I want to accept my shortcomings, really love myself, and stop shutting my own needs down so people don’t leave me. If you have any advice I would greatly appreciate it

Answer 2:

Thank you for reaching out, and I’m glad to see that you are actively seeking ways to prioritize your own well-being. The struggle you described is not uncommon, and it’s commendable that you recognize the need to address this issue.

Many individuals respond to conflict in different ways. Some become heated, while others avoid it altogether. It seems that your approach is more focused on appeasing others and diffusing conflicts, even if it means neglecting your own needs. This pattern has left you perpetually exhausted and struggling with self-respect.

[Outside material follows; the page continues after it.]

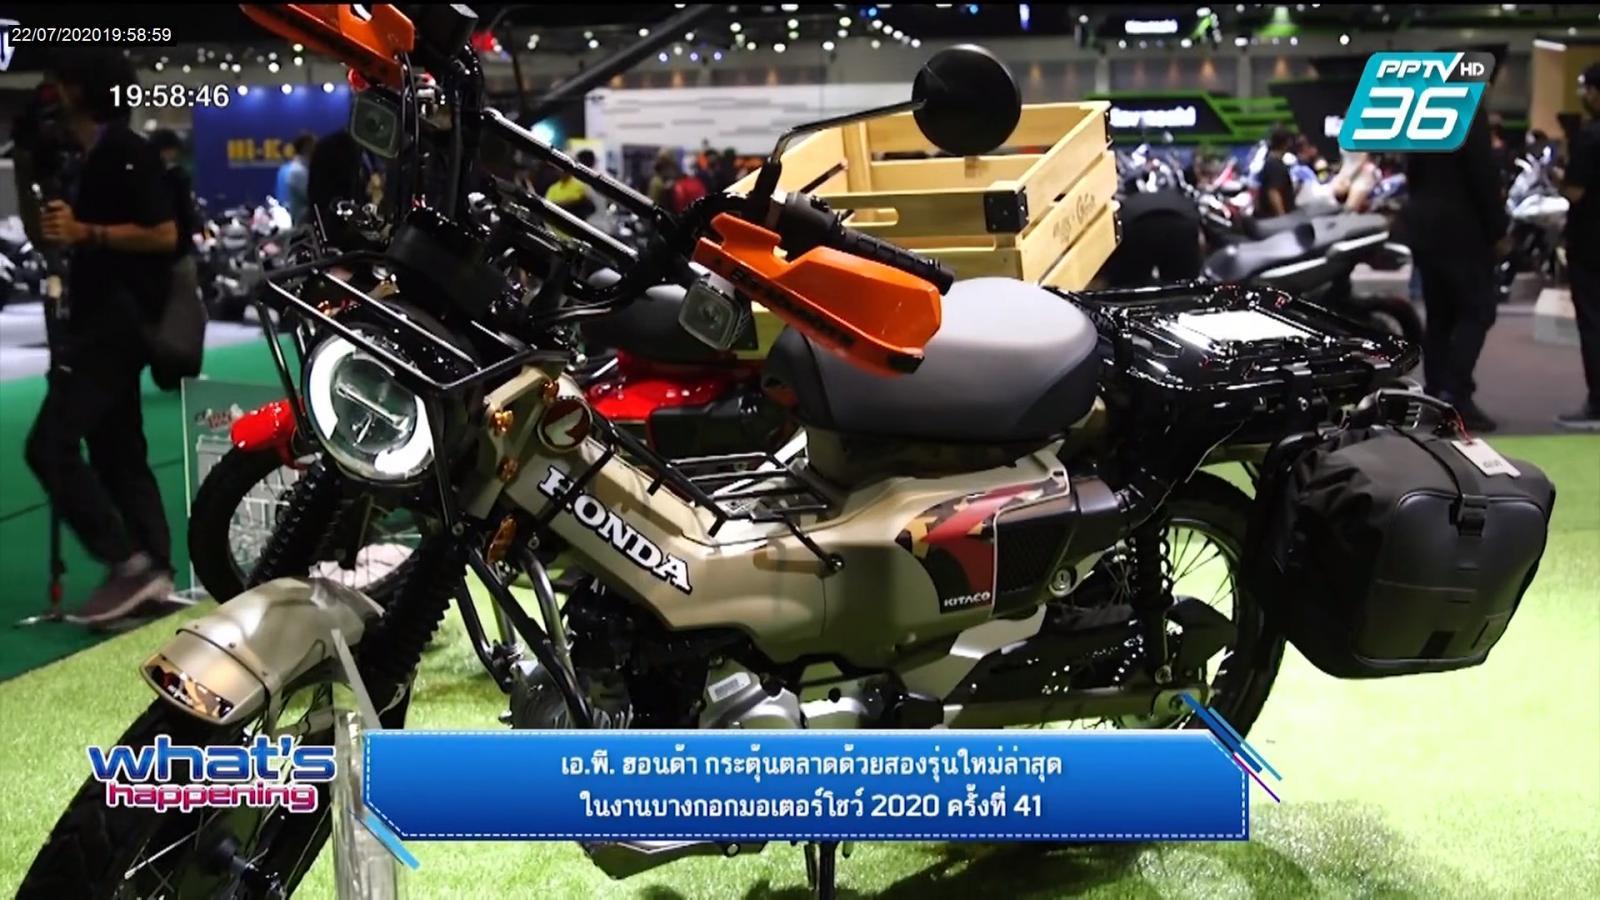 เอ.พี. ฮอนด้ากระตุ้นตลาดด้วยสองรุ่นใหม่ ในงาน บางกอก อินเตอร์เนชั่นแนล มอเตอร์โชว์ 2020 ครั้งที่ 41

Considering your ADHD diagnosis and the executive functioning overload you experience, it becomes even more challenging to express yourself and stand up for your needs. This can lead to feelings of inadequacy and self-blame, as you find it difficult to articulate your feelings in a way that others can understand.

Therapy would be an excellent option for you. It appears that you already possess a level of self-awareness and a desire to grow. Therapy can help you delve into the origins of your self-concept issues and provide you with tools to develop self-respect and accept your shortcomings.

In addition to therapy, there are several areas you can work on independently. Start by setting small boundaries for yourself and challenging yourself to hold firm to them. Take incremental steps towards becoming the person you aspire to be. For example, if your roommate asks you to take care of something that should be a shared responsibility, politely decline by explaining that you don’t have time at the moment, but you’ll address it within your agreed timeframe.

Openly communicate your intentions and growth journey with those around you. People may have certain expectations based on their past experiences with you, which could lead to pushback or strong emotions. However, it’s essential to stay true to yourself and be honest about your efforts to improve. Find the right words to express that you are actively working on becoming more assertive and comfortable voicing your needs.

Remember that you can revisit conversations or situations where you didn’t speak up initially. Let others know that you weren’t able to fully express yourself at the time, but you’ve gained clarity and would like to address the matter now.

It’s important to recognize that the pressure and overwhelm caused by ADHD don’t invalidate your thoughts or feelings. Although it may feel like time is against you when you’re stressed or overwhelmed, take a moment to collect your thoughts, take a deep breath, and calmly communicate that you need to express yourself despite feeling jumbled up.

Another crucial aspect is understanding that you are not responsible for managing other people’s emotions. Feeling guilty or assuming fault when others are upset is not necessary. People are allowed to experience anger or other emotions, and it doesn’t automatically mean you did something wrong. Challenging these assumptions and identifying thinking traps, such as personalization, catastrophizing, and emotional reasoning, can be beneficial. Cognitive Behavioral Therapy (CBT) can help you work through these thoughts and develop a healthier perspective.

Expanding your self-concept and building confidence can be achieved through self-exploration. Engaging in therapy, journaling, and pursuing new hobbies or social opportunities can help you discover more about yourself and your capabilities, independent of others’ perceptions.

As you embark on this journey, it’s essential to remember that missteps and fumbles are part of the process. Embrace them as opportunities for growth and self-discovery. You deserve to prioritize your own needs and develop a genuine sense of self-respect. I’m excited for you and wish you the best of luck!